On the day I stopped by, Jen had already removed three of the granite slabs which were then sitting on still more rail ties well clear of the underlying wall. If I hadn’t watched her work I would likely be willing to believe she danced those stones the way Merlin® was said to do on the Salisbury Plain.
But no, she used a six-foot-long pinch bar and scootched the things a bit and a bit and a bit and with that Archimedean long-enough lever, using her creosoted rail ties for a fulcrum, she displaced their quasi-Archimedean world from their century-old orbits.3
I didn’t get back by the job site until she had finished things up, the dry stacks rebuilt and the granite capstones back in place. Likely better than “good as new.”
Lowell told me to go by and take a look. “She’s a wicked good mason,” he said, shaking his head. “Wicked good.”
But since then Jen has drifted into ephemera. Challenging Mom Nature I think.
Or, what would you call it?
Serpentine spirals, loops and curls, stone structures certain to fall prey to earthquake or frost-heave or the exigencies of time in whatever form. Tempting fate, it seems to me. Saying to dear Mother Nature, “Bring it on!”
Kind of, in her own way, getting a full body tattoo and asking the world, “What do you do with this?”
But being possessed of some deeper knowledge of Jen’s thought (having, obviously, invented her), I would interject this: Peering through the implicit lens created by one of her stone circles, Jen arrived at the deep sense that the gates to heaven and hell are one and the same. Only one ticket, and it entirely depends on where you think you’re going. Step right up. All possibilities are just through that masonry arch. Here’s your boarding pass!
So-o, I think you’ve had some time. Remember Frances?
Well, what do you say? Come on, how would you react to several years of watching bodies rot? You, I can tell, having made it a full 90 pages into this morass, are less detached than, say, Julia. For one thing, I’d bet $5 you don’t have a full body tattoo.
Am I right?
And you don’t golf. I feel certain.
See where this is heading?
It clearly takes detachment to get that much ink in your epidermis, and pathological detachment from the real world to fritter your life away chasing a dimpled ball around the links.
So how did Frances react?
You. People. I. Swear.
Frances intends to be eaten by ravens. Like Bernd Heinrich, author of that marvelous book, Ravens in Winter. A highly recommended read. (Summit Books, 1989)
(She is a spiritual sort. Or something airborne at least.)

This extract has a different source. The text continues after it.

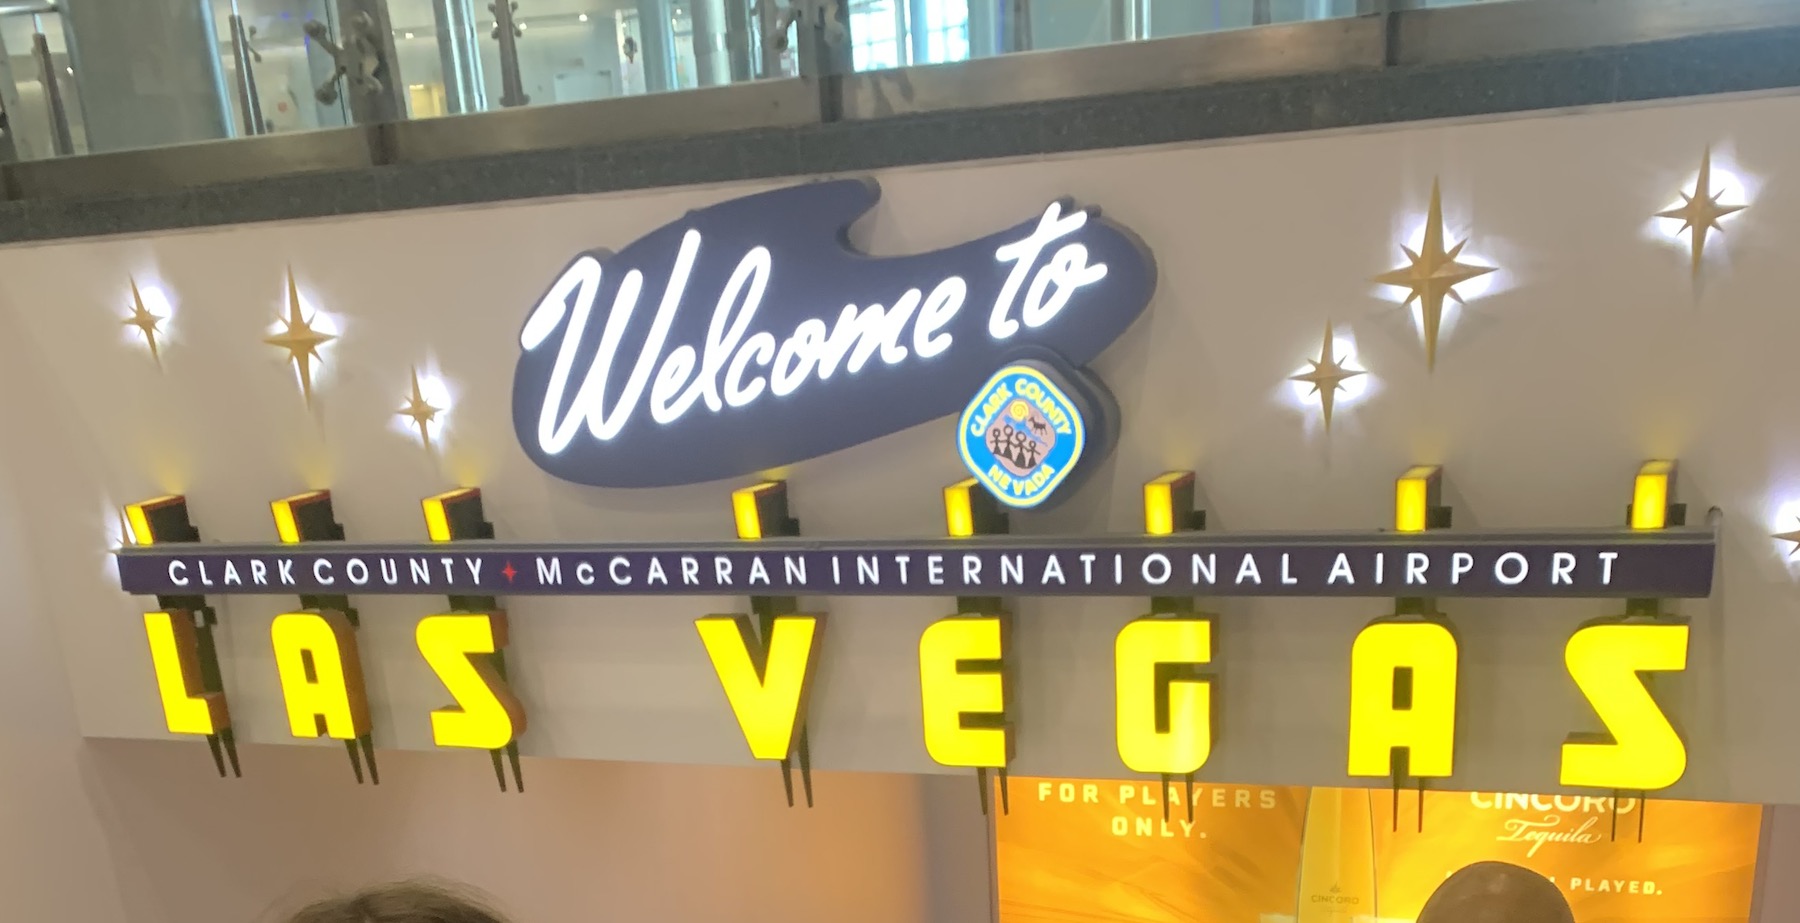 Las Vegas Sign at Airport

Wasn’t that obvious? Did you ever, for a moment, think otherwise?
And you. Are you going to be eaten by ravens? Why or why not? That’s my goal. To make you think. For once.
Oh, and Frances now teaches at the Western Carolina University body farm formally known as the Forensic Osteology Research Station—or, more commonly, as the FOREST, tending what we might call “corpus campus corpses,” if we were given to silly alliteration. Which we are not.
We are not.
At this point, I believe we can all agree, you have been jawboned in the non-Samsonite, AKA “modern manner.”
“Talked to death.” (I could have warned you.)
Okay, shoot me. (Donna?)
********
Note per footnotes: Substack renumbers when I post, but footnotes sometimes refer to previous super important stuff in the print version, so originals are in [#].
1 [121] I know you’re seething with jealousy right about now.
2 [122] In the aforementioned tale “Arose.” See footnote 53 if you’ve already forgotten. Vitamin D3 is said to help memory. Just sayin’. (Not to be confused with D3.)
3 [123] Used here in the sense of an eye socket rather than a planetary path.